I have to apologize in advance if the question is very basic as I am still new to R. I have tried to look on stackoverflow for similar questions, but I still can't resolve the problem that I am facing.
I am currently working on a large dataset X. What I am trying to do is pretty simple. I want to replace all NAs in selected columns (non consecutive columns) with "no".
I firstly have created a variable including all the columns that I want to modify. For instance, if I want to modify the NAs in columns named "m","l" and "h", I wrote the following:
modify <- c("m","l","h")
for (i in 1:length(modify))
column <- modify[i]
X$column <- as.character(X$column) #X is my dataframe
X$column %>% replace_na("no")
This loop returned the output only for the "m" column, which is the first variable in my modify variable. However, even after generating the output after the loop, when I tried to check X$m, nothing has changed in my original dataset.
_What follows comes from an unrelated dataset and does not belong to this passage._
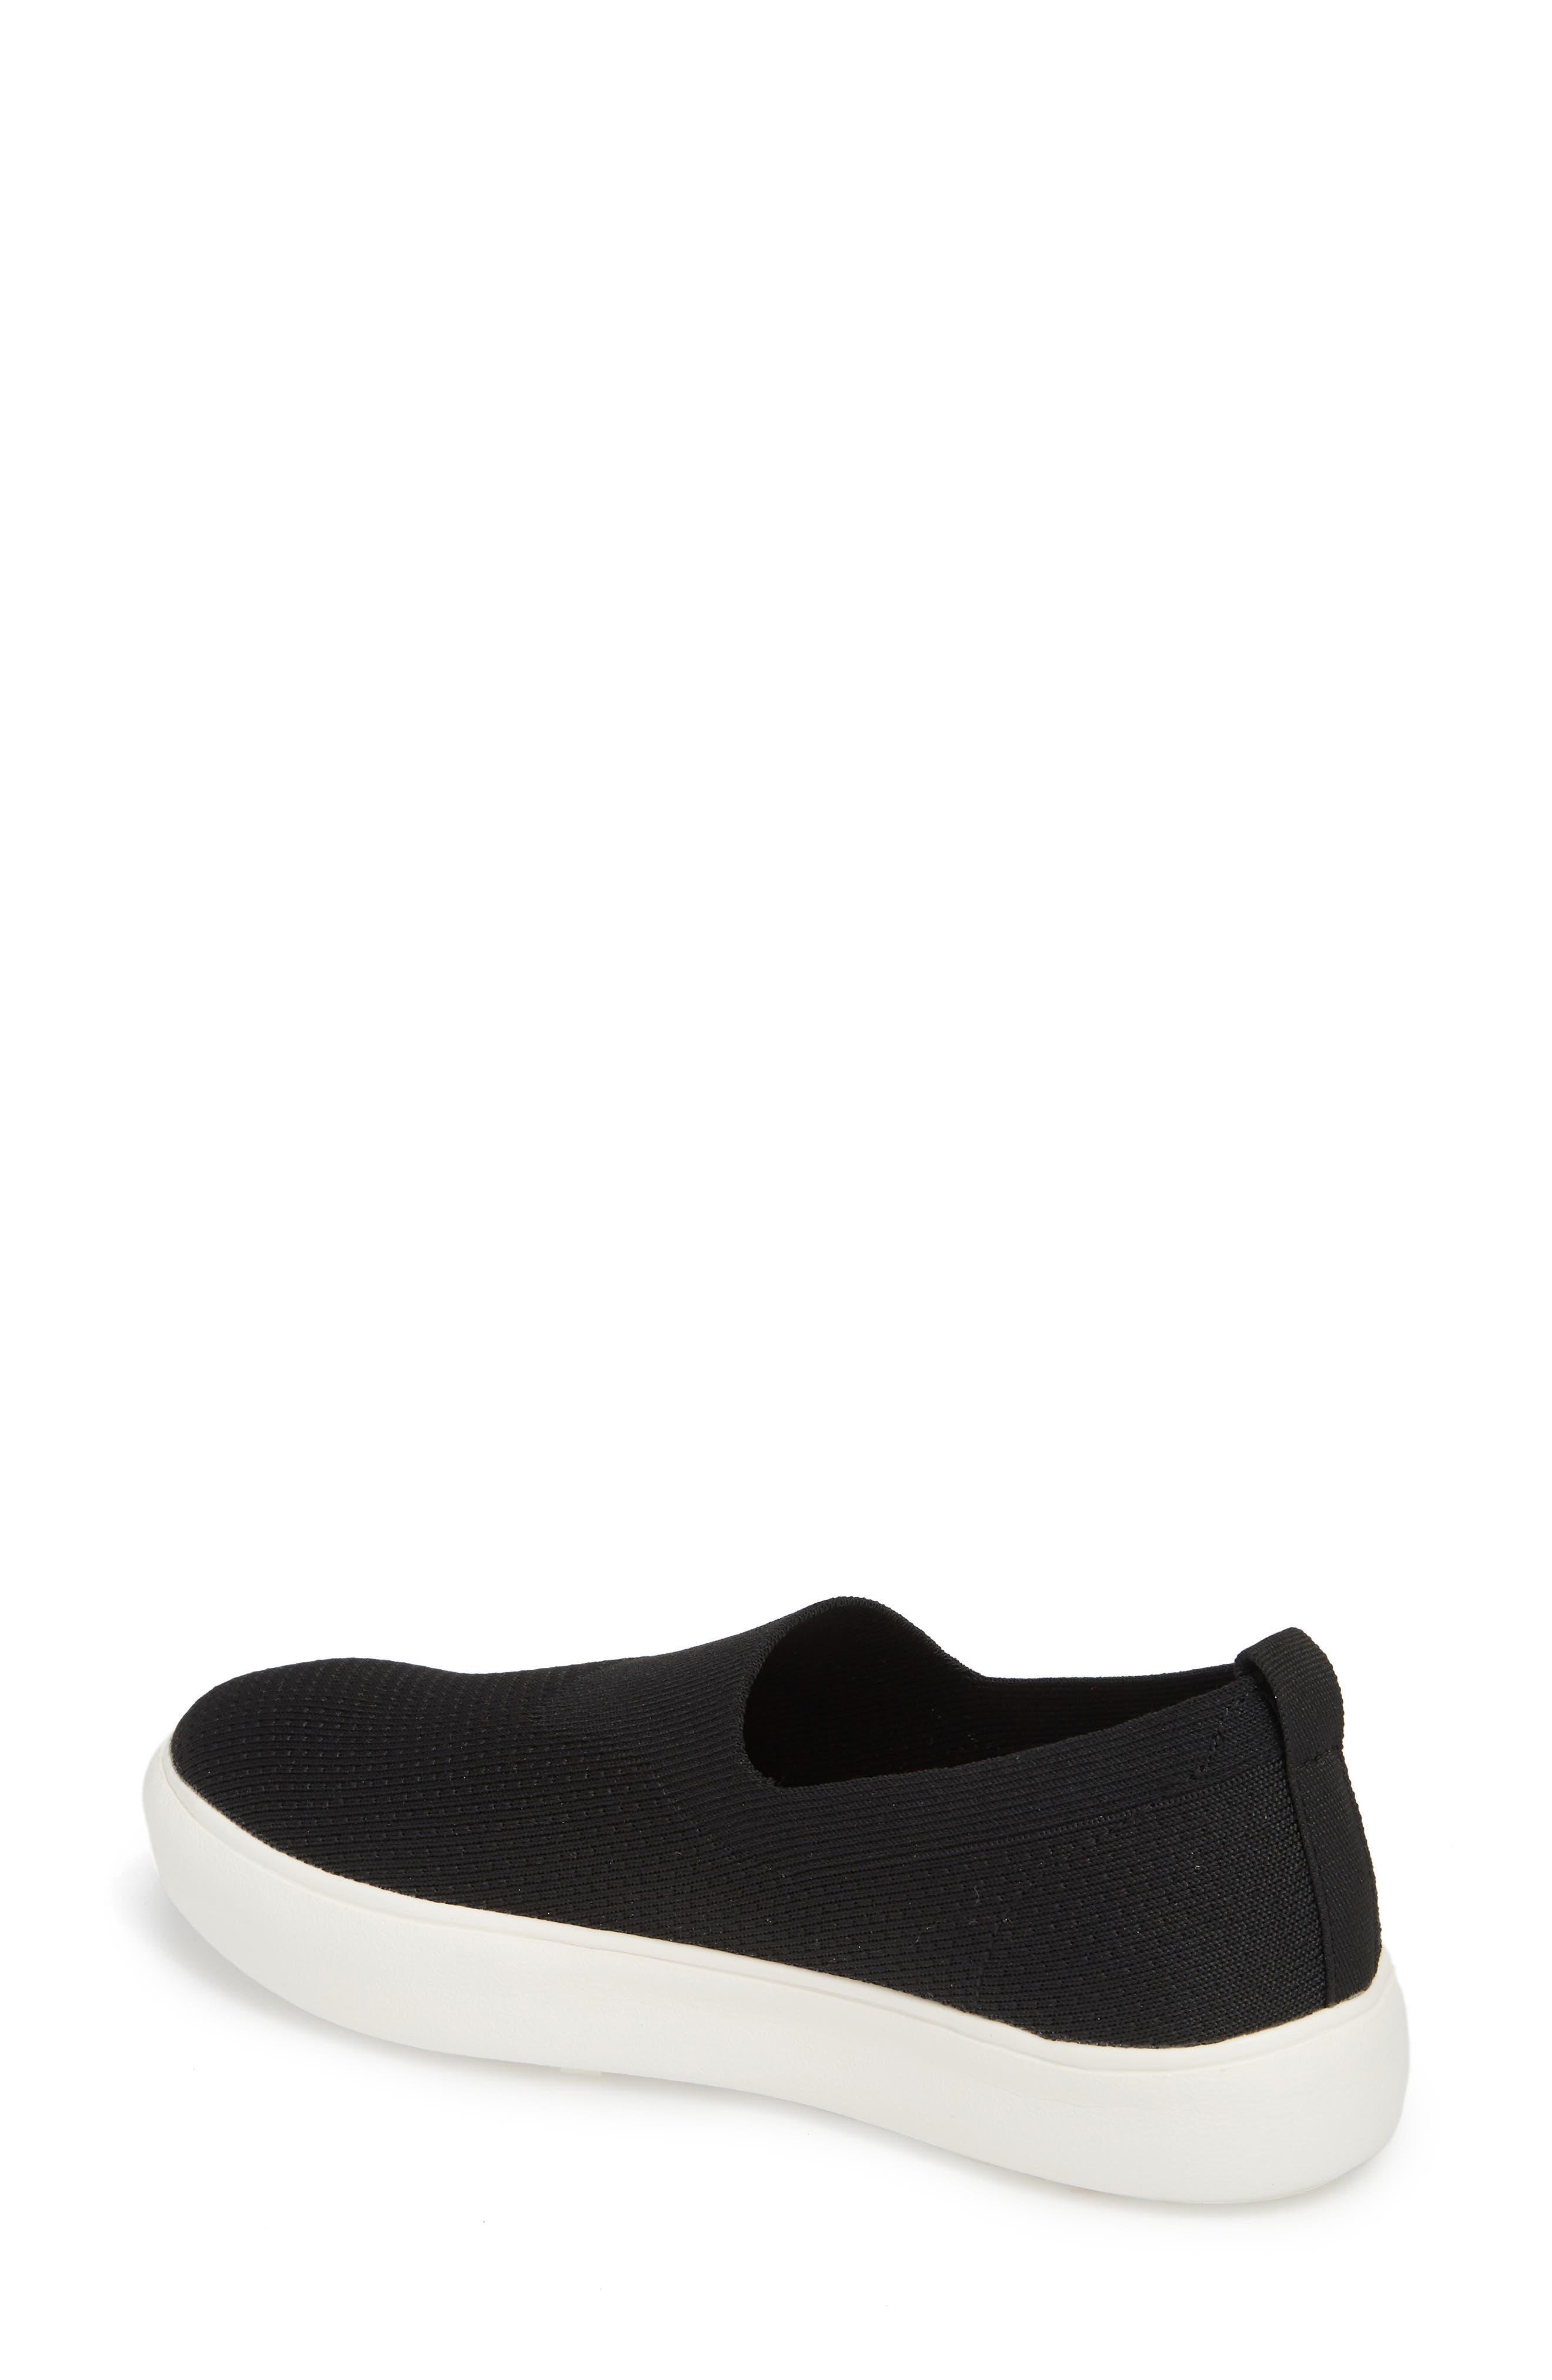 Hula Slip-On Sneaker,                             Alternate thumbnail 2, color,                             BLACK
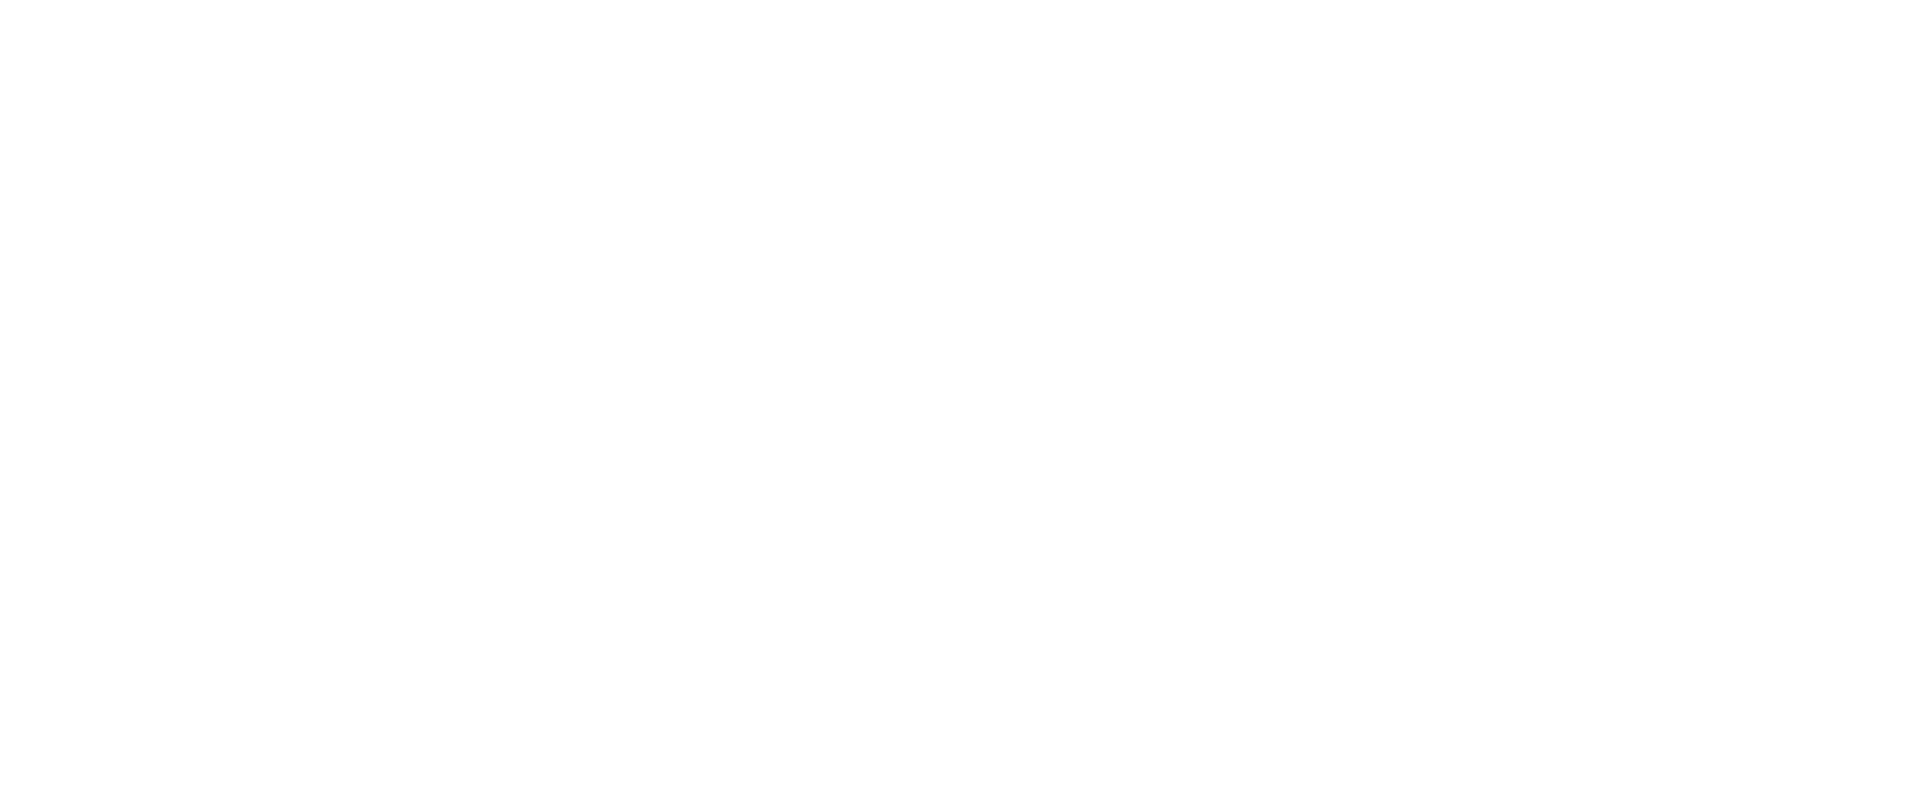 squarespace-expert-badge-transparent-outline.png

I also tried to create a function, which is very similar to the loop. Even though no error message was generated, it didn't work as I do not know what the return value should be.
Why can't the loop being applied to my entire dataset while the individual steps in the loop work?
Thank you so so much for your help!
CodePudding user response:
This might help, and was among one of the answers here (but slightly different here using all_of()
:
library(tidyverse)
df <- tibble(x = c(1, 2, NA), y = c("a", NA, "b"))
df
#> # A tibble: 3 × 2
#> x y
#> <dbl> <chr>
#> 1 1 a
#> 2 2 <NA>
#> 3 NA b
modify <- c("x","y")
df %>%
mutate(
across(all_of(modify), ~replace_na(.x, 0))
)
#> # A tibble: 3 × 2
#> x y
#> <dbl> <chr>
#> 1 1 a
#> 2 2 0
#> 3 0 b
Created on 2021-09-22 by the reprex package (v2.0.1)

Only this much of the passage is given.